The democrats, led by the infamous Barack Obama, were responsible for some of the most detrimental economic/environmental policies in American history.
For some reason, the political left in America has taken it upon themselves to be the guardians of all things in nature. While it is true that some regulations are necessary in order to preserve the safety and sanctity of our beautiful and vibrant nation’s wild spaces, what the liberals have done goes far above and beyond that, and is solidly rooted in globalist thinking.What the left did was absurd. They latched onto faulty science, skewed for the sole purpose of instigating these exact reactions, and then legislated their way toward a new world order with policies being developed by the EPA poised to spread across the globe. This, in turn, created the idea that a global authority should oversee all of the resources of our planet, effectively chipping away at the very idea of national sovereignty.
Luckily, with the introduction of Donald Trump and other conservative leaders around the world, some of these wild overreaches are finally being put to rest.
Take the EPA for example. The agency was deep in the pockets of Obama and his liberal cronies for years, and created a great deal of skewed policy based solely on the ideas of that side of American politics. As far as over-exertive government agencies go, perhaps only the TSA is more troubling.
So when Donald Trump announced his plans to reduce the scope of the oversized and under regulated EPA, liberals lost their minds. There were overblown claims of mass destruction, extinctions, and total chaos that would certainly stem from the reorganization. Social media was absolutely humming with ill-conceived doom and gloom predictions by armchair scientists who were most likely triggered by the idea of a smaller EPA.
One group not complaining, however, were First Nations People of the Navajo tribe.
“The Navajo Generating Station and the Kayenta Mine on Navajo land in Arizona has directly and indirectly provided 3,100 jobs and $180 million in annual income to workers and their families.
“The lease agreements, royalties, and other payments are tied to the plant and mine account for approximately 20 percent of Navajo Nation annual general fund revenue, with the money used to fund schools, emergency services, infrastructure, and public parks.
“And now, because regulations have driven up the cost of coal, the plant owners who lease the land have announced it will close in 2019, adding even more strain to a communitythat suffers from a 42 percent unemployment rate and 43 percent of its people living below the federal poverty line.
“Now, the Navajo Nation hopes that President Donald Trump and the Department of the Interior Secretary Ryan Zinke will help resolve this crisis by working to keep the plant open for 10 years so that alternative income streams can be developed ahead of its closure.”
Barack Obama, you see, was waging a full on war against the coal industry during his time in office.
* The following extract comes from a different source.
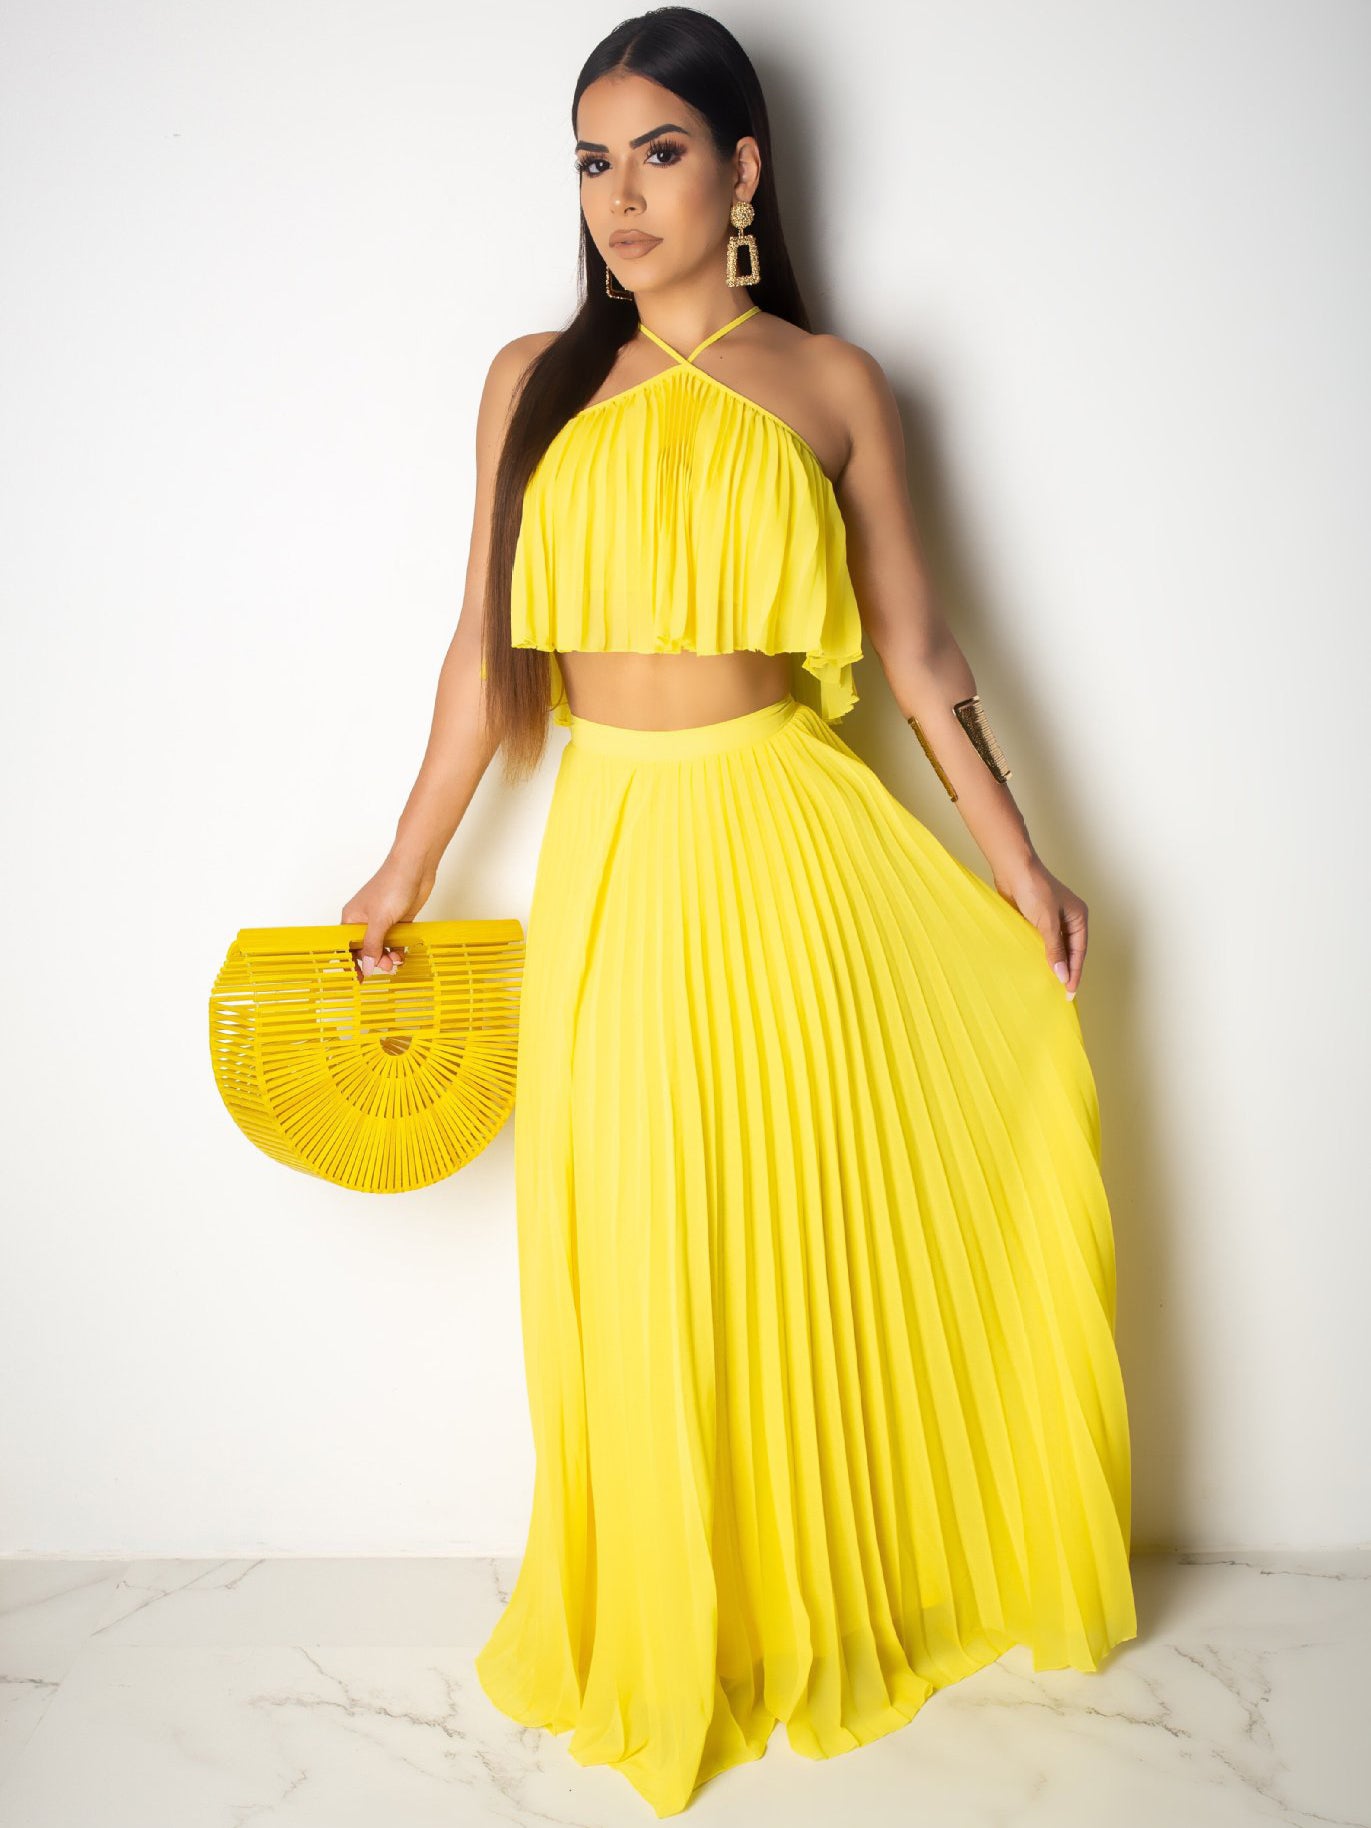 Euro Solid Color Pleated 2 Pieces Maxi Skirt Sets
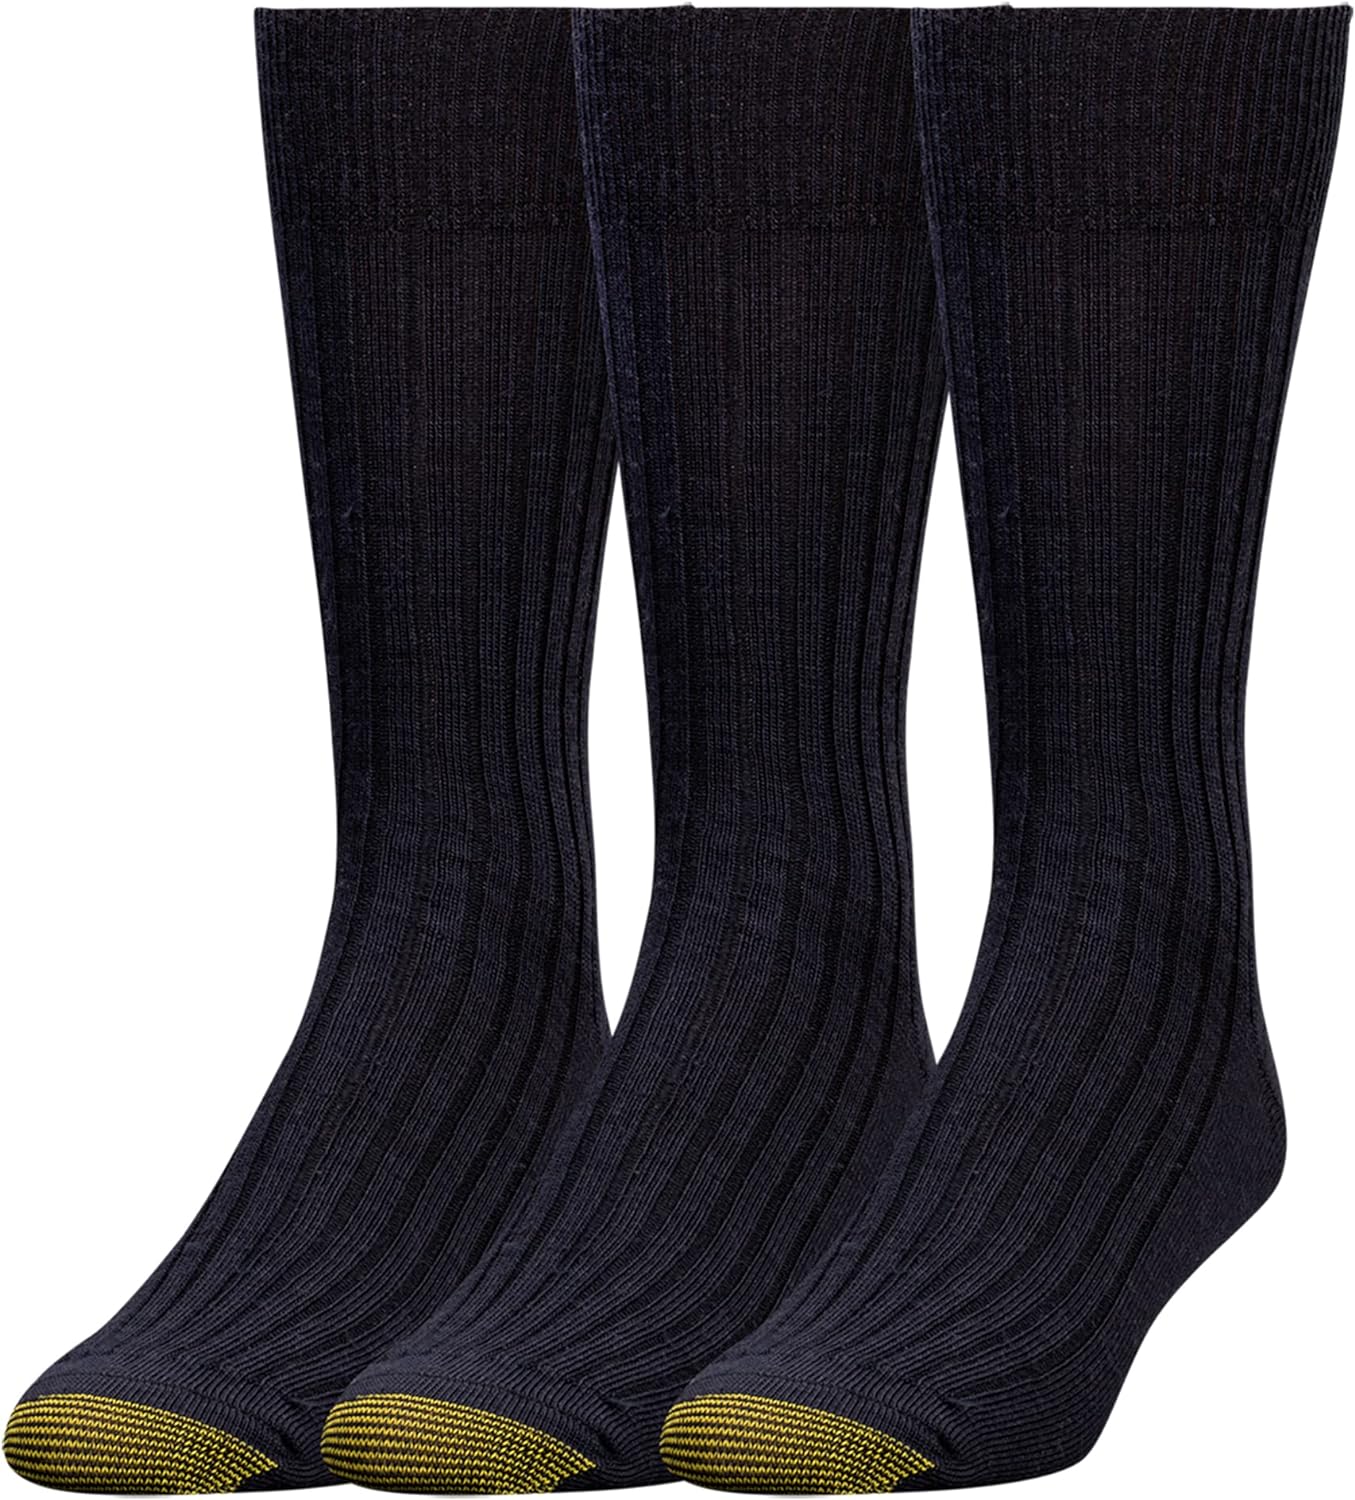 There are tons of great wool socks out there but these are really great because they are thin, warm and durable. Bulky wool socks can feel tight in boots. These leave room to move, provide that great wooly warmth and prevent blisters. They are great for skiing. These are my husbands favorite socks!

When Hillary Clinton began campaigning in 2016, promising to be a surrogate third term for the disastrous president, she was not at all welcome in coal country. Her campaign stops received massive vocal backlash in West Virginia, where she was considered “an enemy of coal”.
You see, the policies developed by the EPA in the last decade are not aimed at making American efficient with their resources. The EPA’s purpose was to serve as ground zero for the total abandonment of resource mining in America and the world. Much like Al Gore created a carbon credits company before touting global warming as an actual thing in order to profit, the EPA has been working a campaign of anti-fossil fuels for years. This insider dealing would then allow liberals to work their investments to suit what they believed would be a renewable resource boom, effectively stacking the deck in their favor.
Now, if the Trump administration can follow through on their promise to repeal the Obama-era coal restrictions, these Navajo people will be able to live without the fear of economic collapse.